One-third of the minors who are traveling across Mexico alone are girls.

Effective policy aimed at regulating this flow also requires information about what made them leave home in the first place. In order to understand what spurred their move, I gathered previously unreleased data from the U.S. Department of Homeland Security on all the apprehensions of unaccompanied minors from the Northern Triangle (El Salvador, Honduras, and Guatemala) over the past six years. I combined that with granular data on violence and employment conditions in their municipalities of origin over the same period. The results were published recently by the Center for Global Development in the first study that measures quantitatively the impact of violence and economic pressures on the decision to migrate.

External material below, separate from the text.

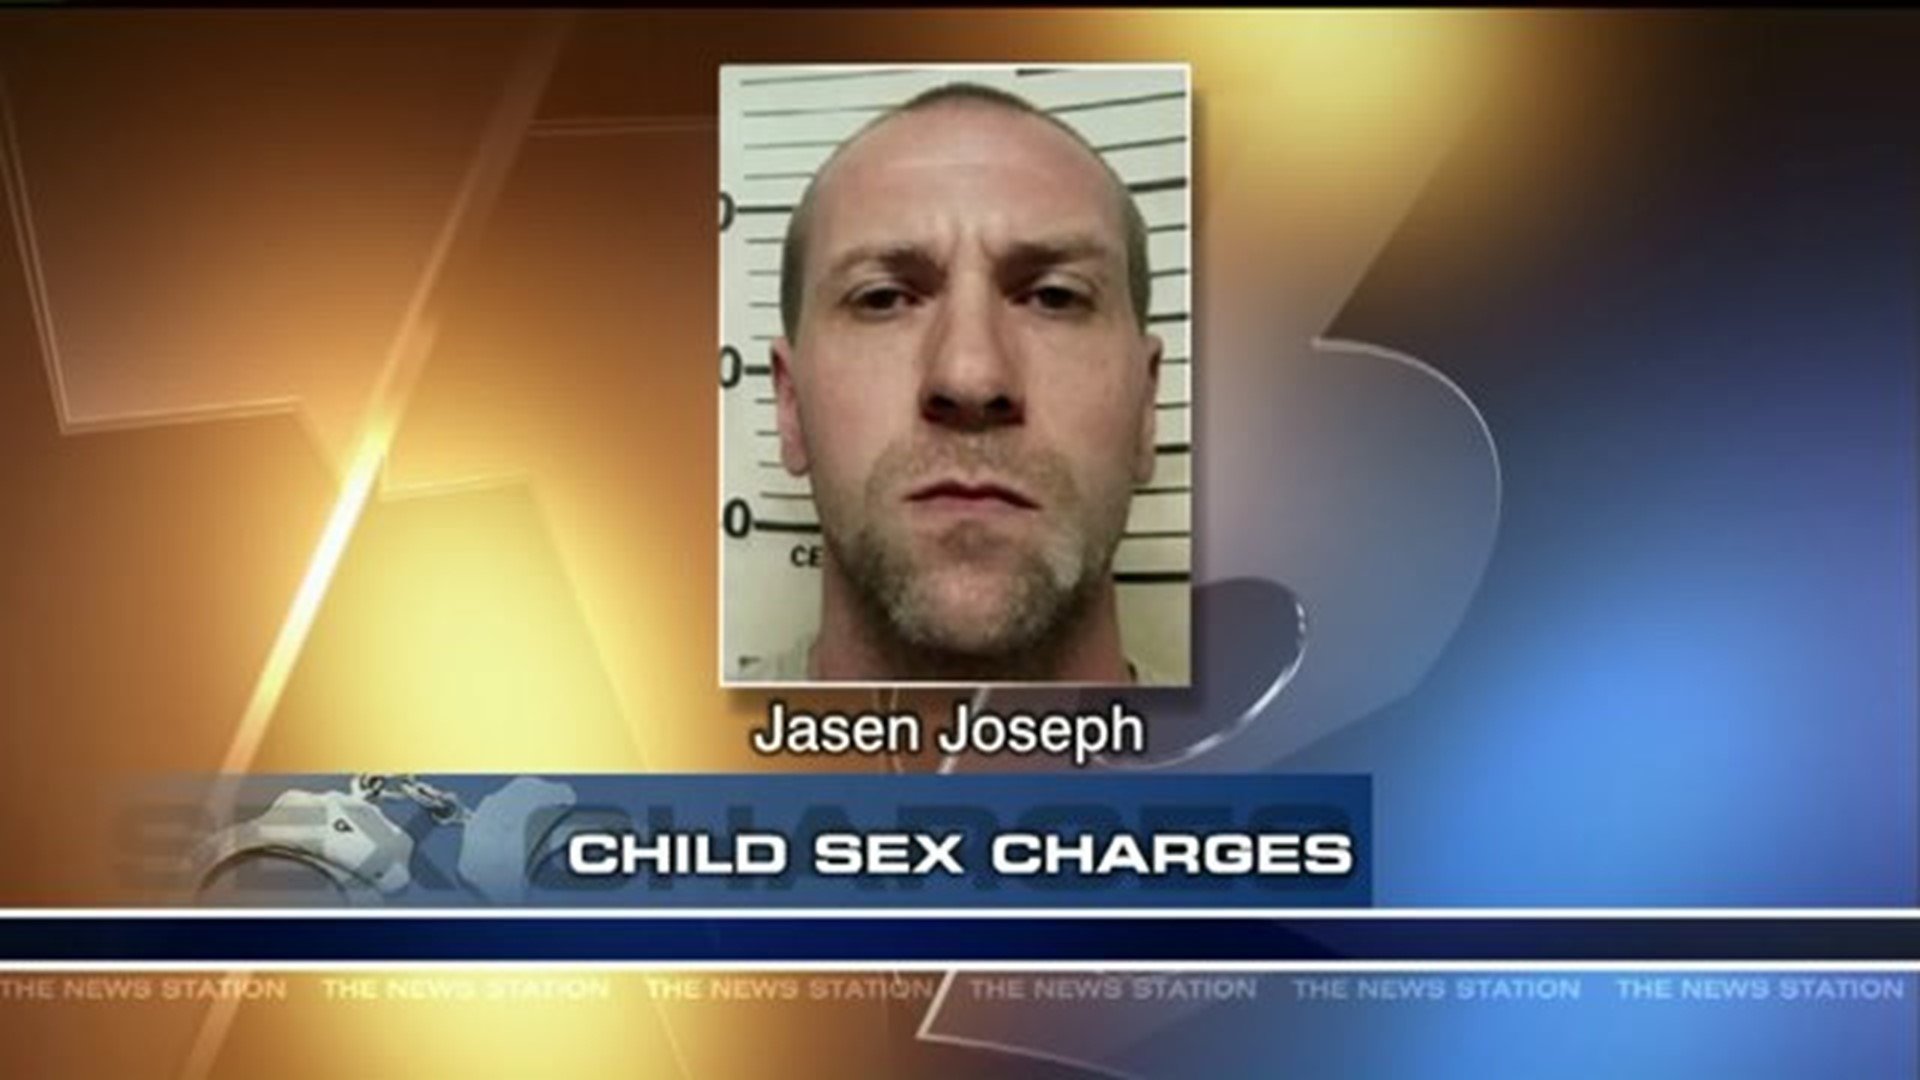 Forced To Watch - Police: Schuylkill County Man Forced Child to Watch Porn | wnep.com

These statistics show that violence has been a major driver of the decision to move. In the average municipality of the Northern Triangle, every 10 additional homicides corresponded with six more unaccompanied minors being apprehended in the United States. Many young people are fleeing violence and its ripple effects through the economy and society.

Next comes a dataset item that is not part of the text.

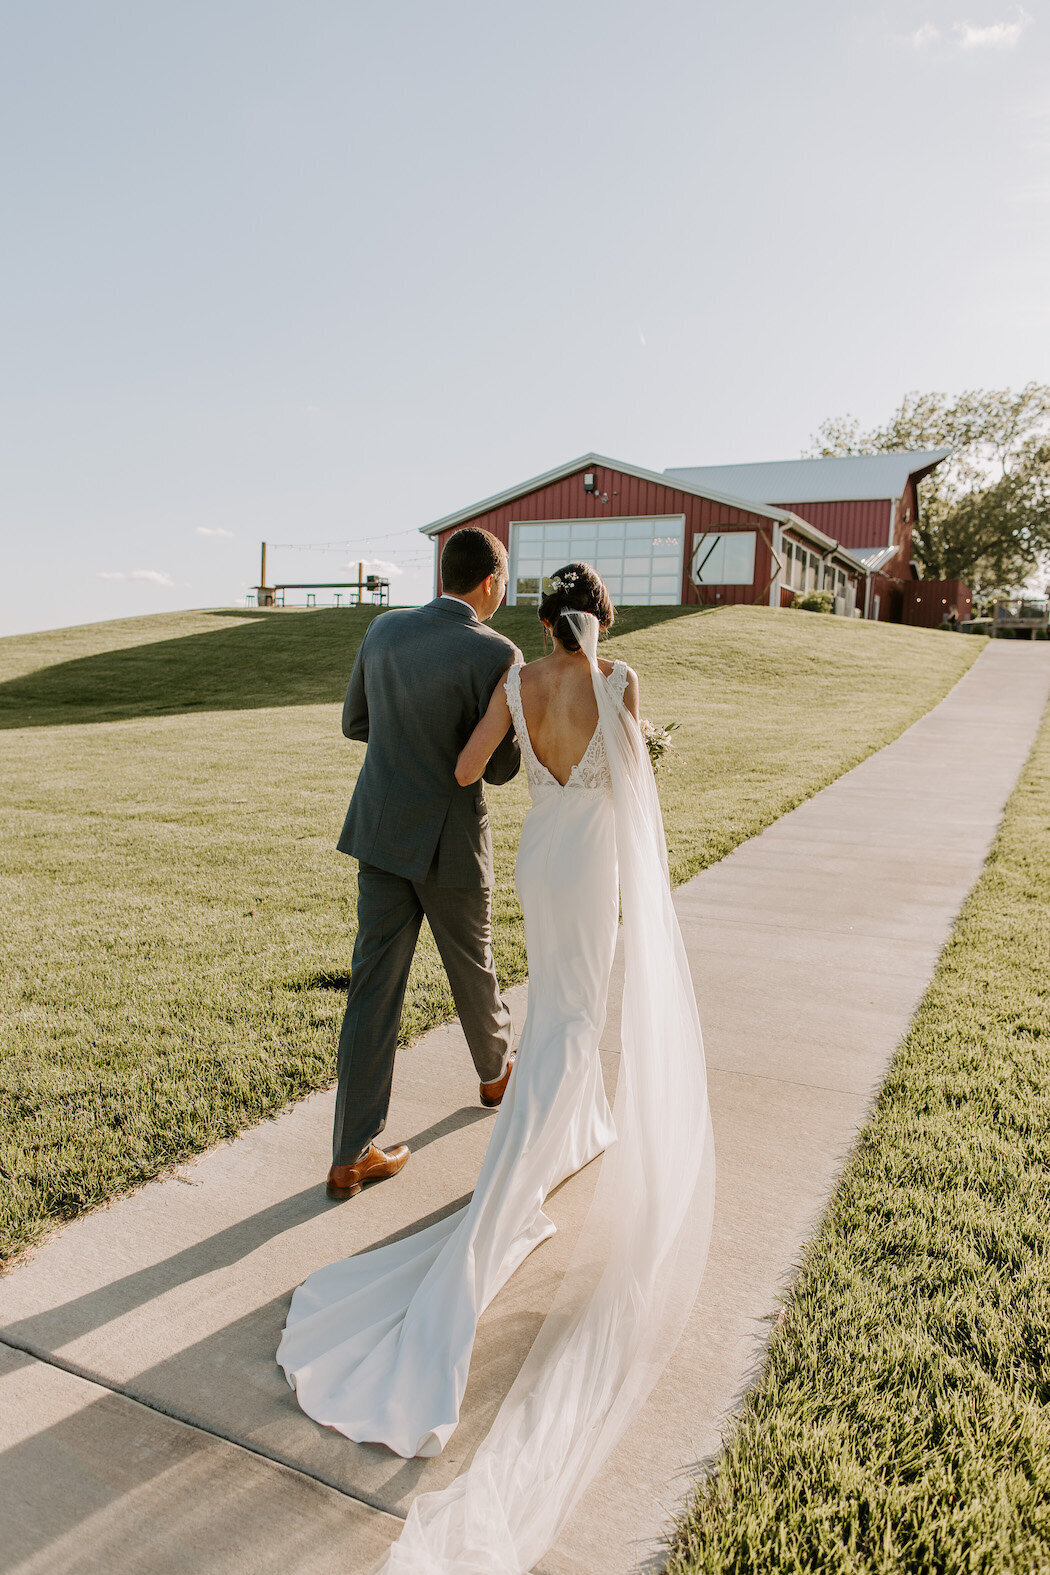 Lust for Life Event Planning and Wedding Design - Lauren and Logan Sparks Barn -18

This study shows that while much of the media accounts, existing research, and U.S. legal structure focus on the plight of economic migrants – those perceived as coming from Central America purely for employment opportunities – the roots of migration are not that simple. For the young people coming from the Northern Triangle, the statistics imply that migration pressure has depended in roughly equal measure on both violence and economic “push” factors. This wave of youth migration has been a complex, mixed flow that cannot be simplistically attributed to economic forces alone or to violence alone.

Northern Triangle municipalities that experience spikes in the number of homicides see more migration by unaccompanied minors than those that are consistently very violent. Conversely, municipalities with consistently high unemployment see more migration than municipalities experiencing temporary spikes in unemployment. And initial sparks of migration can snowball over time, even when the original drivers subside.

These findings make it clearer than ever that U.S. and international law are increasingly outdated and inadequate for today’s complex migration processes.

Current U.S. and international law classify almost all migrants in one of only three ways: family migrants, economic migrants, or refugees. These laws, set up generations ago, do not allow anyone to be considered two of those things at the same time. But today, the drivers of migration are much more complex. Any one child from Honduras could simultaneously be seeking family reunification, opportunity to contribute and advance economically, and safety from violence. This is most obvious for many migrants from Central America, South Sudan, or Afghanistan, but it is increasingly true around the world.

Moreover, neither the U.S. government nor the government of any other major migrant destination country is set up to act based on the deep connections between overseas violence and migration. Every government has agencies for immigration policy and agencies for foreign policy. But everywhere these are separate bodies with completely separate mandates. Twenty-first century institutions and laws that hope to make migration safer and more orderly will need to bridge these institutional divides. Today immigration policy is still seen as something that happens at the border or behind the border. But the complex drivers of today’s migration flows mean that U.S. migration policy must extend well beyond U.S. borders, with policies that include tackling the root causes of this movement. Especially critical is to avoid policies that may exacerbate violence in the region.

Vice President Pence seems to understand these connections. “Central America continues to be plagued,” he has said, “by gangs and vast criminal organizations that drive illegal immigration.” As he visits the region this week, he should be asking his own agencies and his partners in the region how they will cooperate to bring safety and opportunity to Central America’s young people, wherever they are. In the 21st century, foreign policy is a form of migration policy.

Clemens is a senior fellow at the Center for Global Development and a research fellow at the IZA Institute of Labor Economics. He is the author of the forthcoming book, The Walls of Nations.